**TASK BRIEF:**
From the first line to the last, output the data exactly as it stands, minus its pictures.

**DATA SEGMENT:**
* * * * *

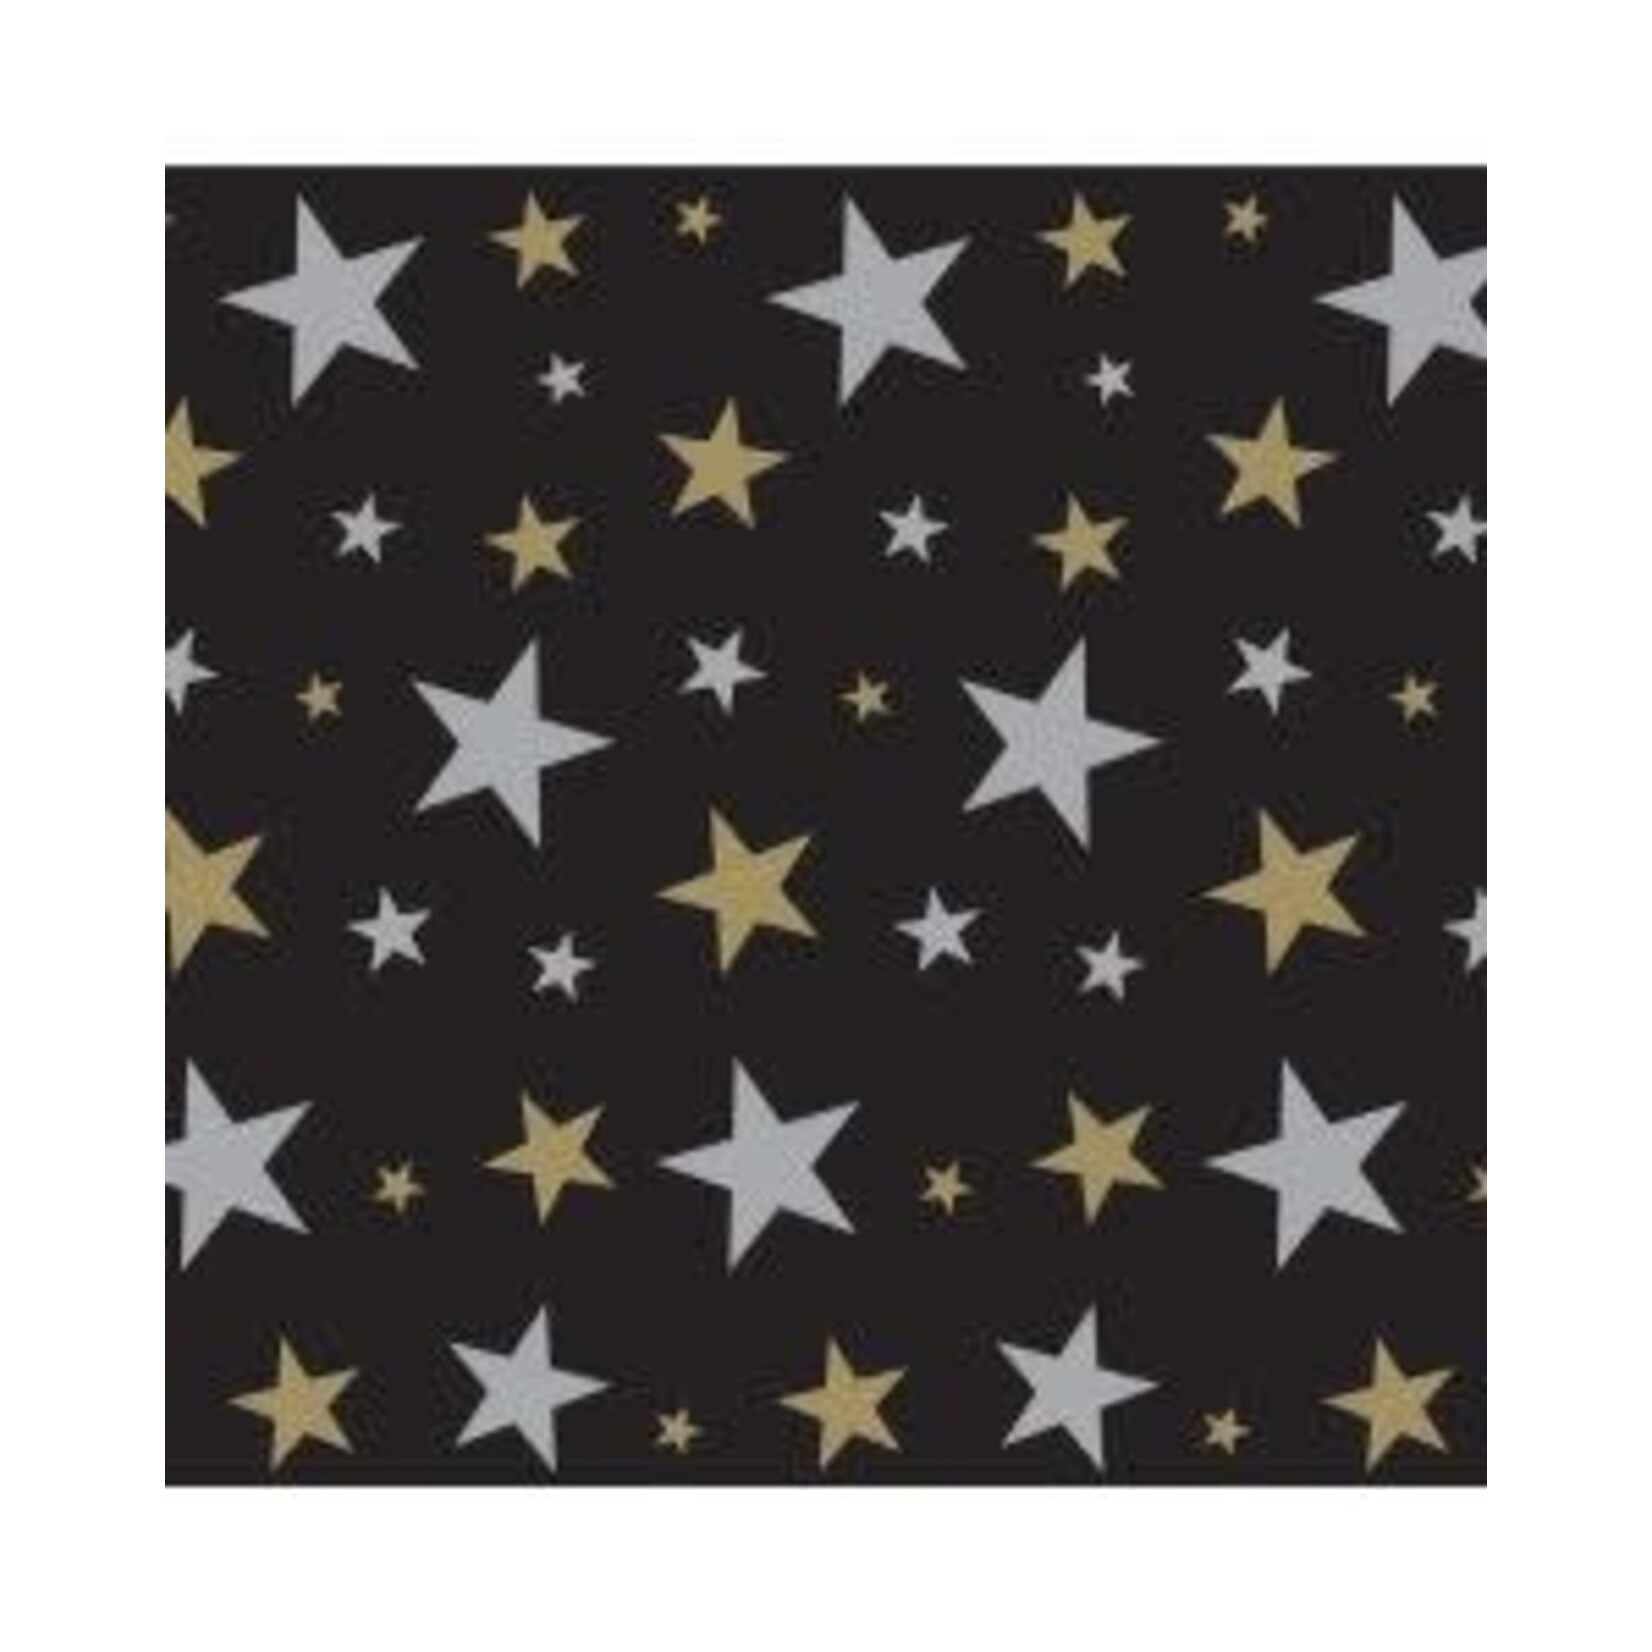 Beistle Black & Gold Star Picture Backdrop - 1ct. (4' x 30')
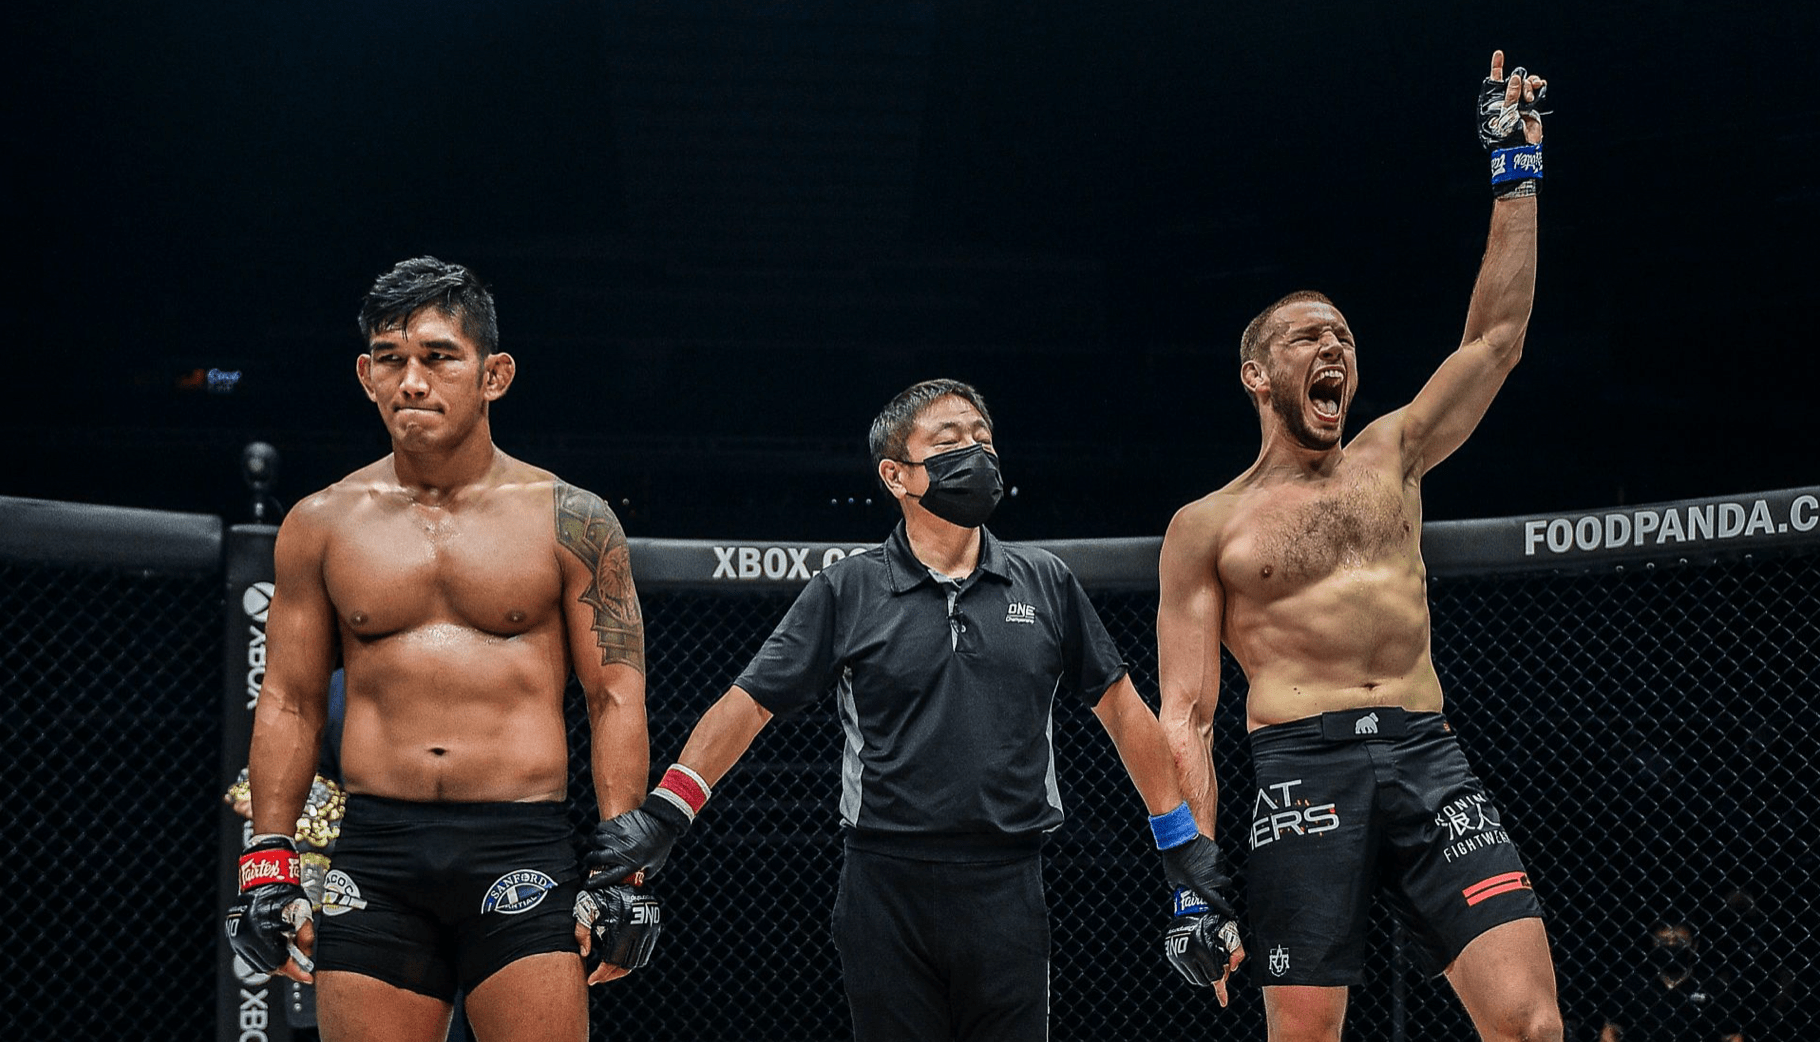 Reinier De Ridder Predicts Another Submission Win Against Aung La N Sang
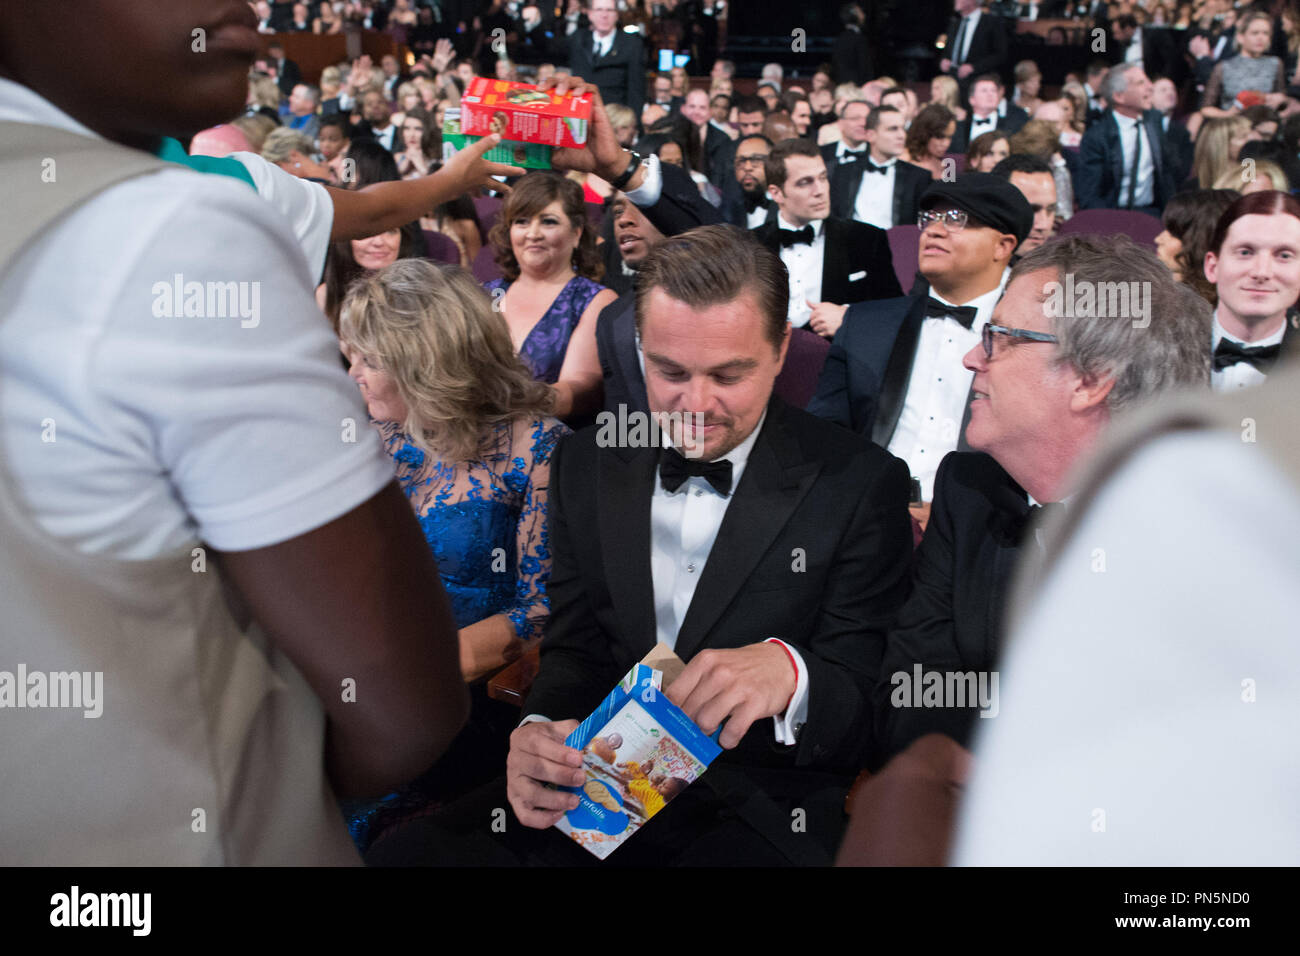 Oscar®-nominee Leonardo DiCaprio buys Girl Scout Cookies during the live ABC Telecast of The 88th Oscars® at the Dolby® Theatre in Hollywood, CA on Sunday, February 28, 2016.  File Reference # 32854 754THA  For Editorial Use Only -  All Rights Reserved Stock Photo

* * * * *

**SOLUTION BELOW:**
 Beistle Black & Gold Star Picture Backdrop - 1ct. (4' x 30')
 Reinier De Ridder Predicts Another Submission Win Against Aung La N Sang
 Oscar®-nominee Leonardo DiCaprio buys Girl Scout Cookies during the live ABC Telecast of The 88th Oscars® at the Dolby® Theatre in Hollywood, CA on Sunday, February 28, 2016.  File Reference # 32854 754THA  For Editorial Use Only -  All Rights Reserved Stock Photo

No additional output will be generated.